:: Task details ::
Exact repetition of a range: find the line containing "武汉市网络预约出租汽车经营服务管理暂行实施细则" and the line containing "Signierte antike Büste" in the material below, then repeat both and all lines between them, leaving pictures out.

:: Task material ::
:::

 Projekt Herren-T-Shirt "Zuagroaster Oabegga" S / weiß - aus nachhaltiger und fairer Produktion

:::

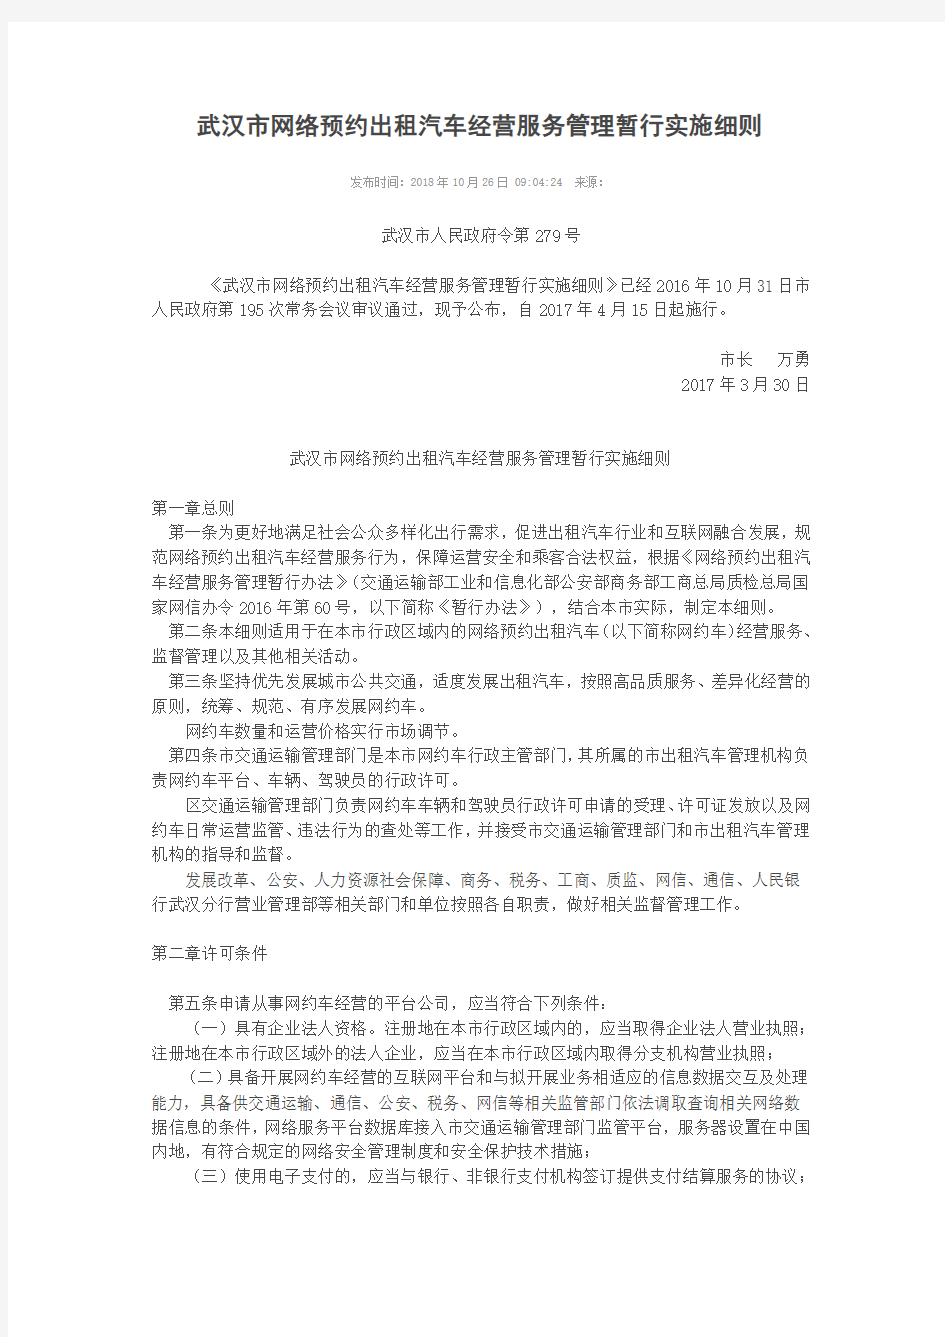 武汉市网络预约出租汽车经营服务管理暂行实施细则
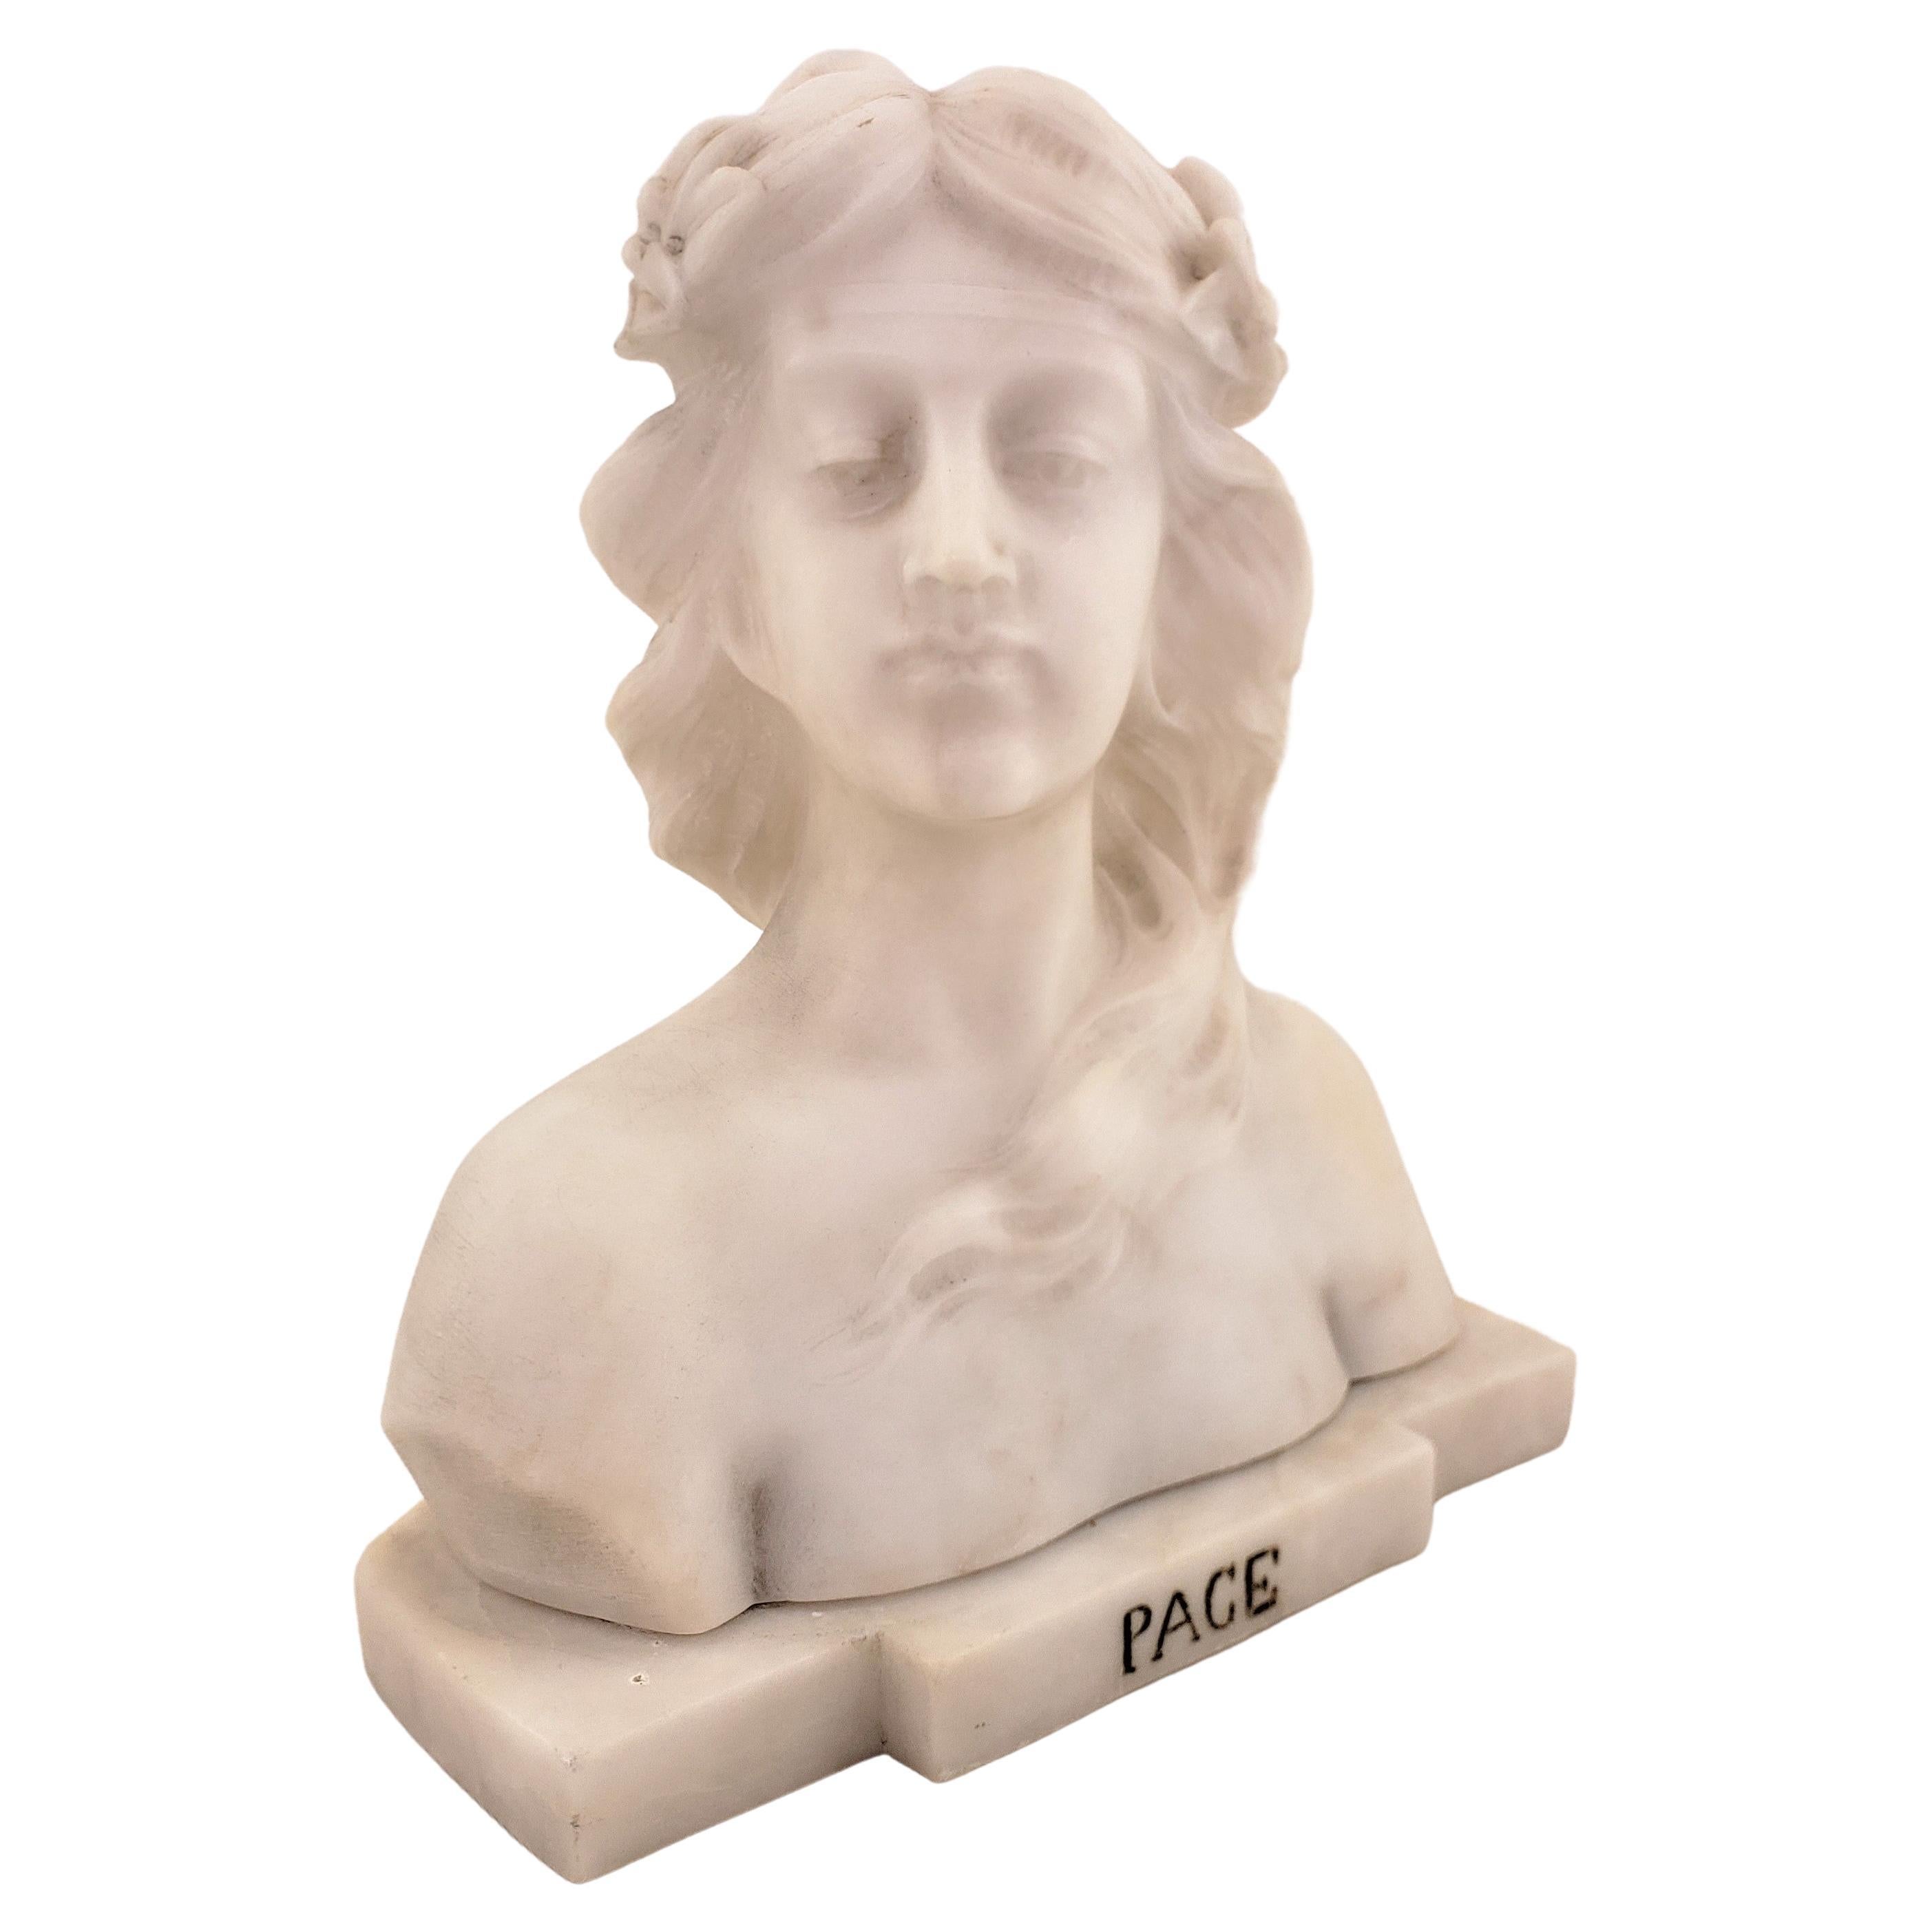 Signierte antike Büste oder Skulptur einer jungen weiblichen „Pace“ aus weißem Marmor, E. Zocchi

:::

:: Answer ::
 武汉市网络预约出租汽车经营服务管理暂行实施细则
 Signierte antike Büste oder Skulptur einer jungen weiblichen „Pace“ aus weißem Marmor, E. Zocchi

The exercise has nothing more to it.